Dear Bitcoin Community,

In the past several days many of you have expressed some sincere and honest worries when it comes to withdrawing funds from Mt.Gox.  Some concerns have even arisen that we are on the verge of collapse and might ultimately bring Bitcoin down with us.

A lot has happened in the past few months and many formerly reliable and trustworthy exchanges and trading platforms have abruptly ceased business leaving many of you in the dark and/or with yet to be returned funds. We can understand the concerns that our customers might have given the current environment in Bitcoin.

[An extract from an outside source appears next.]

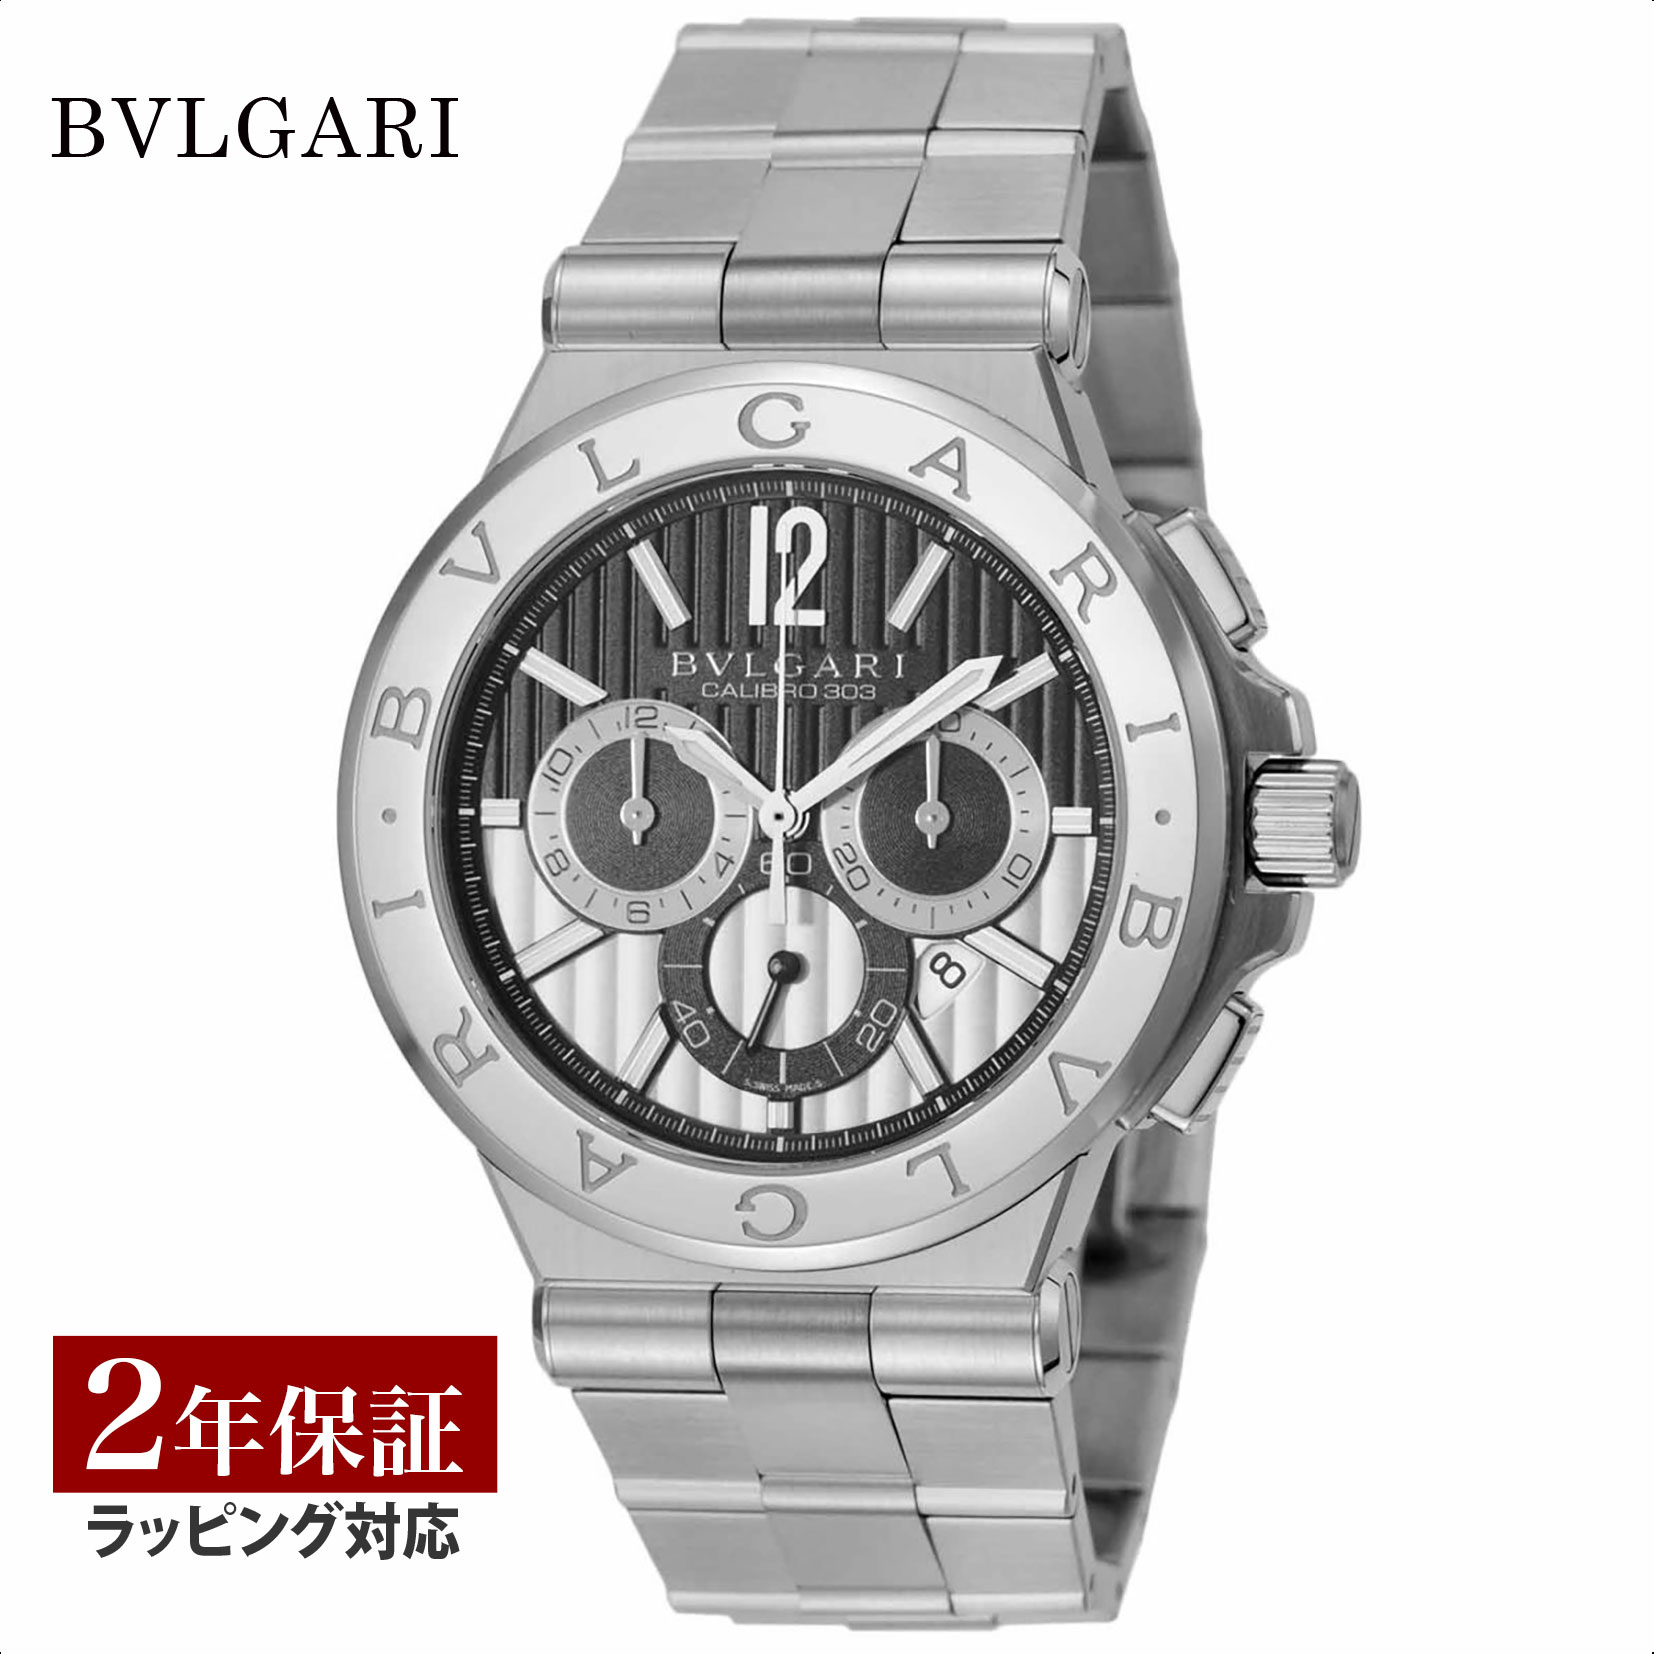 ブルガリ BVLGARI メンズ 時計 Diagono ディアゴノ 自動巻 ブラック DG42BSSDCH 時計 腕時計 高級腕時計 ブランド 【ローン金利無料】

Please remember that Mt.Gox is one of the oldest Bitcoins exchanges, we have suffered setbacks many times in our history and we have always been a highly visible target for criminal elements and governments due to our large share of the market. However, regardless of our past problems and recent issues with money delays, we are still alive, and still pushing things forward to make sure that one day Bitcon will no longer be seen as a fringe element but as a real alternative to fiat currencies.

We would like to clarify the issues which are currently causing the most concern to our users.

1. What’s going on?
Some US Dollar withdrawals are taking too long to be processed.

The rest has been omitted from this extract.